Letters on the Wind: The Boy

fries
image-3177

Dear _____,

I think of you often. The way you used to mean so much, yet gave so little. The way you drew me in, made me want to morph into something different, altered my perception, changed my soul.

Your heart didn’t know what your words did to me — Did your mind? I was a passing fancy — An object to enjoy as long as possible before tossing me off into the wind. At the time, you loved me… Maybe? Maybe — Maybe just snippets of me. Now, years later — I simply don’t know.

Long after I ceased to exist for you, I still remember what you felt like. Your scent. Your swagger. You… as you appeared to me in your tortured glory.

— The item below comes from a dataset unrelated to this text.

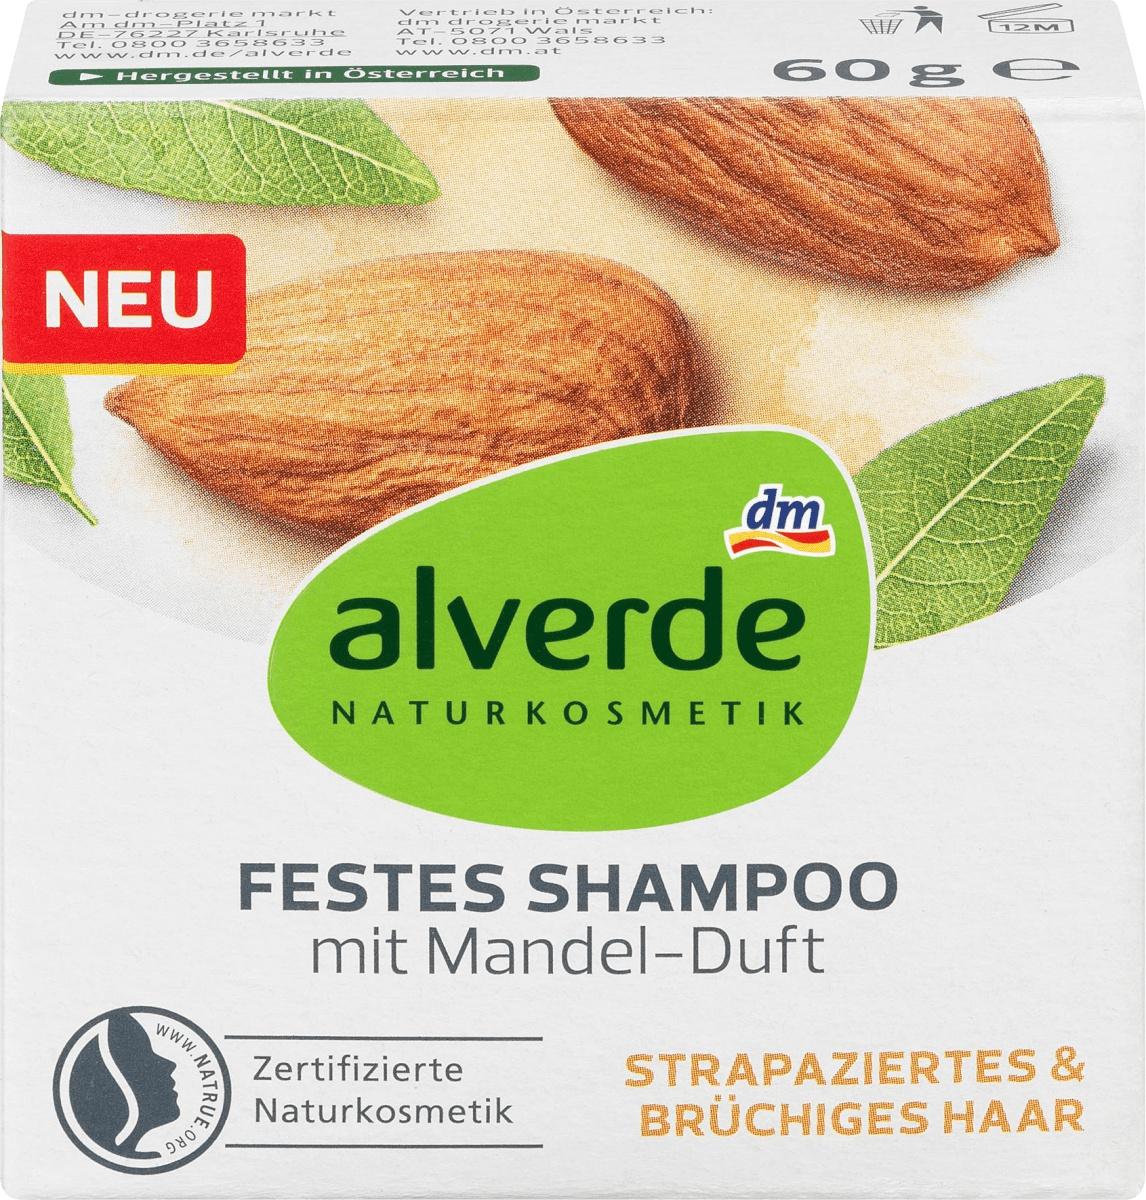 Alverde Naturkosmetik Festes Shampoo

No, you never intended to imprint yourself on me and, seriously, I never wanted it… But it happened. Looking back at it, whatever it is, all of this seems so inevitable. When it comes to tragic figures, I can’t stay away and you always paint yourself so tragically. Like some pained poet living in the words of others, yet never truly filling your own skin.

Even now, with your angst, your dark quotes, the endless mystery of someone we both know never truly existed yet stands before us in the flesh just the same. It makes me wonder who you’ll be next — When all is over, where will you end up?

I heard your voice the other day and it said the cruelest stupidest things. It laughed along with the jokes that were, on some level, about me and others like me. (If we exist — maybe my collective we is just me?) I heard the words. I heard the implication and a message that only I could perceive: “I don’t care about you,” it cried… and I couldn’t anymore. I severed the ties, stopped looking… Stopped caring (as if I could ever really stop caring)… Stopped wanting to notice you.

So… I guess this is goodbye for now. I hope that somewhere along your journey you find yourself hidden behind the facade of what you’ve become.